Неугомонный Добужинский приступает к созданию Большого драматического (ныне он имени Горького) театра, где участвует в постановке и оформлении драмы Шиллера «Разбойники» Эта романтическая драма пользовалась в тогдашней России, где грабежи мирного населения и разбой не прекращались ни днем, ни ночью, особенным успехом. Еще до революции разбой (и в Москве, и в Ницце и на тифлиских площадях, и на грузинских большаках, и в поездах) помогал выживать большевистской верхушке (тем, кого Ленин цинично называл «ценным партийным имуществом»), безбедно гнездившейся тогда в буржуазных кварталах Парижа и Цюриха. Грабежами тогда с одобрения Ленина занимались наглый Красин хитрый Коба, бесстрашный Камо, сама красавица М. Андреева, а позднее — железный Феликс и его парни «из железных ворот ГПУ». И, конечно, желательно было внушить публике, что «благородные разбойники», какими считали себя революционеры, стоят в моральном отношении куда выше, чем «кровососы-буржуи».
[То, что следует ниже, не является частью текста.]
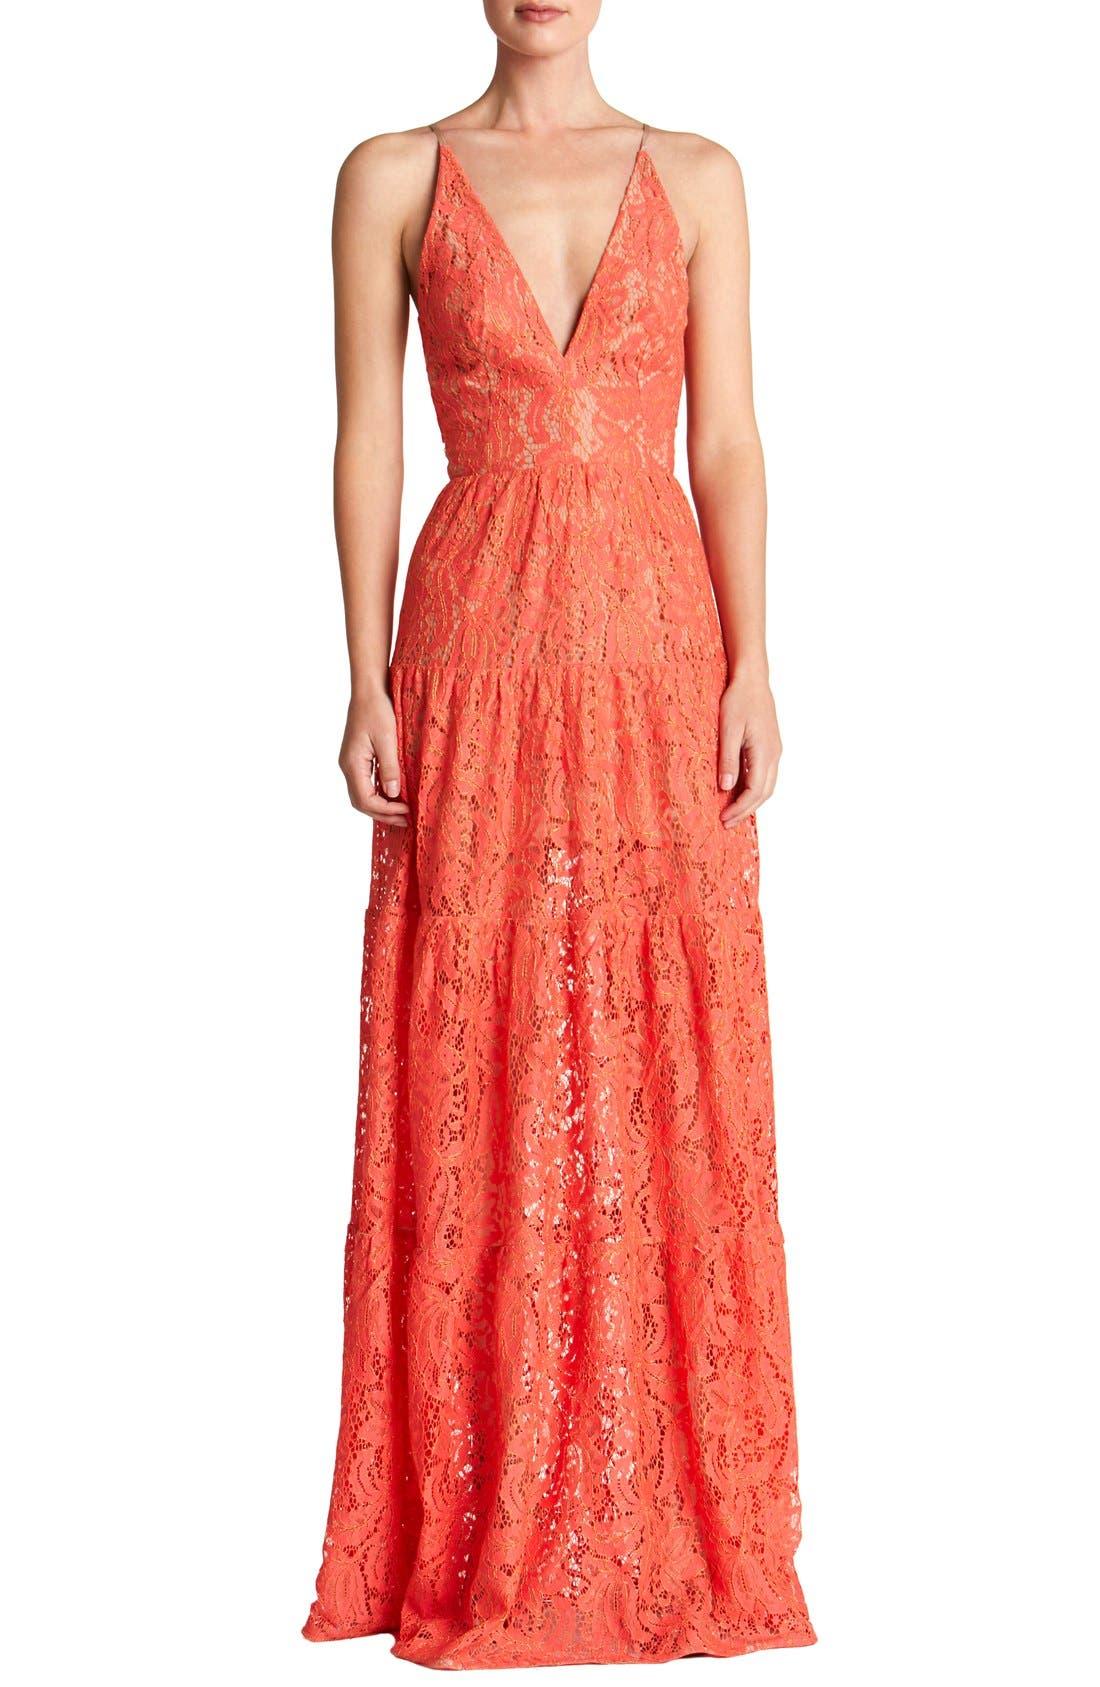 Main Image - Dress the Population Melina Lace Fit & Flare Maxi Dress

Новая петроградская постановка «Разбойников», в подготовке которой участвовал Добужинский (сцена была завешана черным траурным бархатом), имела бешеный успех. Эстет Михаил Кузмин написал в «Полярной звезде», что успеху этому «содействовал, главным образом, Добужинский»:
«Траурный пышный масонский занавес, торжественная комната, полная траурной помпы… сцена в саду, где в руке бледной траурной Амалии блестит серебром при луне вытянутая шпага, или первый выход Франца со свечами в печальную торжественную комнату — незабываемы по трагическому впечатлению…»
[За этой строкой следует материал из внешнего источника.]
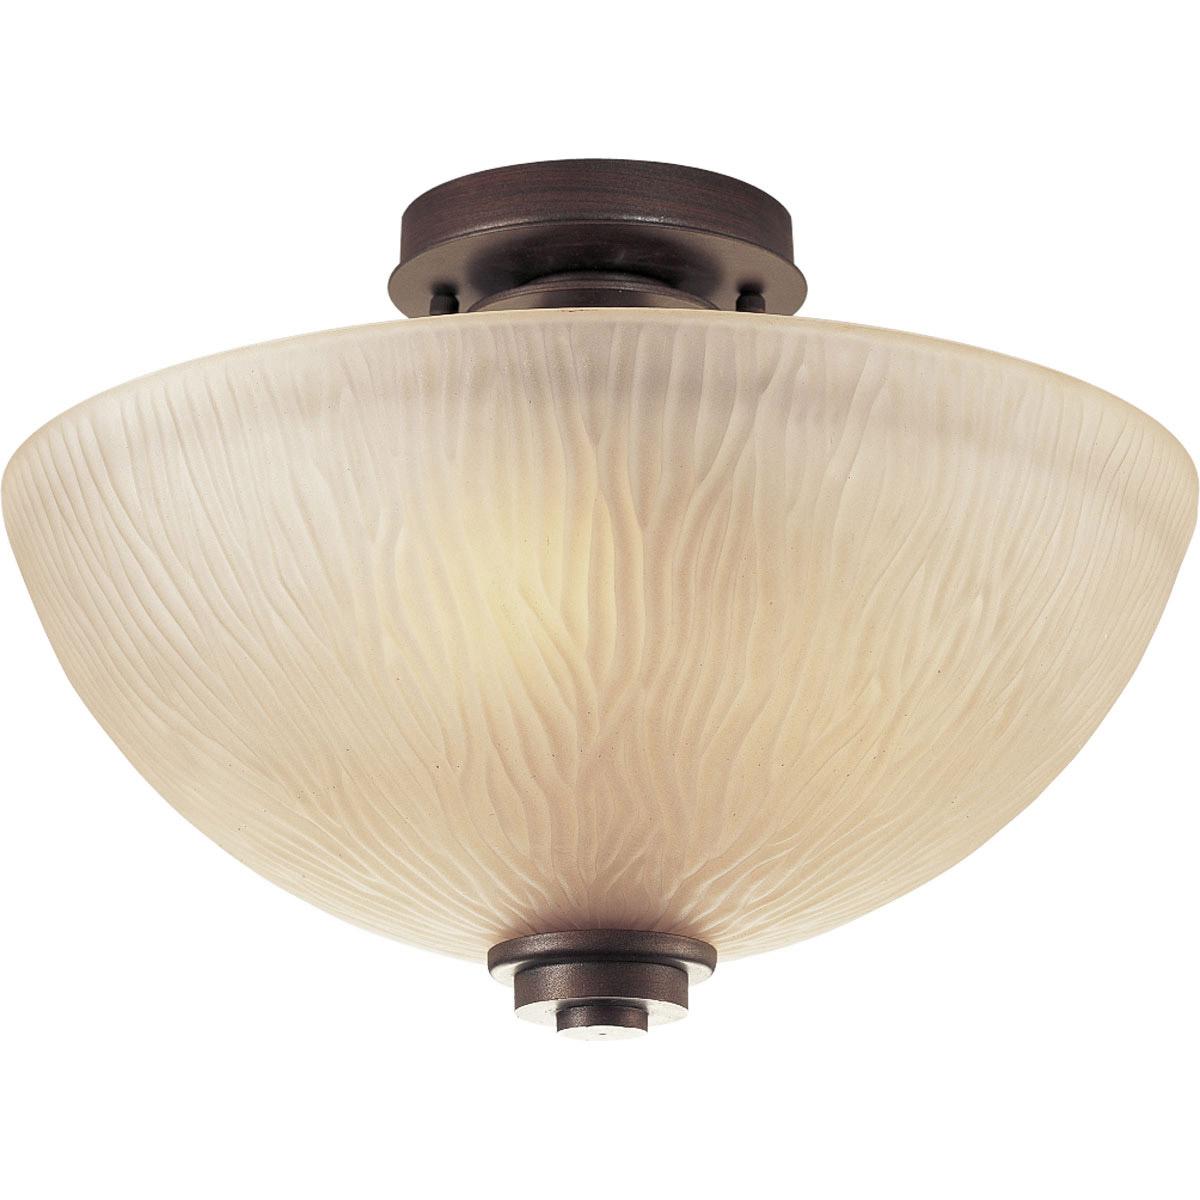 home ceiling lighting close to ceiling light fixtures semi flu. Black Bedroom Furniture Sets. Home Design Ideas

В театральном зале, где, как вспоминает актер Г. Мичурин, сидели солдаты с винтовками и где то и дело поднимались крики и топот, «было жутковато, — а вдруг винтовки заряжены».
Что касается траурного бархата, которым Добужинский обтянул стены, думаю, настрой этот имел даже бо́льшую связь с трагедией самого художника, чем «с революционными событиями». О тогдашней семейной трагедии художника так вспоминала дочь Бориса Кустодиева, бывшего близким другом семьи Добужинских:
«… их постигло тяжелое горе. Летом 1919 г. умерла их старшая дочь Верочка от истощения, порожденного голодными годами. Очаровательная восемнадцатилетняя девушка с большими задумчивыми глазами. Помню страшный день похорон, несчастную мать, бедных мальчиков с заплаканными глазами, Мстислава Валериановича, целующего ноги дочери…»
Добужинский находил утешение в исступленной деятельности — в театре, в книжной графике, в преподавании. Он был назначен заведовать художественной частью нового оперного театра и сам оформил спектакль — оперу «Фауст». Это был его первый оперный спектакль.
Добужинский затеял и постановку трех сказок Андерсена в кабаре «Привал комедиантов»; там он не только оформлял, но и ставил сказки. Об этом оформлении Михаил Кузмин написал в статье «Андерсеновский Добужинский»:
«Редко между двумя художниками может быть такое соответствие. Едва ли можно представить себе другого живописца при имени Андерсена. И если я не ошибаюсь, впервые Добужинский так свежо и полно высказал всю поэзию комнатной жизни, уюта детских, домашней фантазии (без особенной фантастики), трогательного и милого юмора… я думаю, что даже поклонники Добужинского удивятся той сердечности, душевности и прелестному остроумию, которые он проявил в «Сказках Андерсена».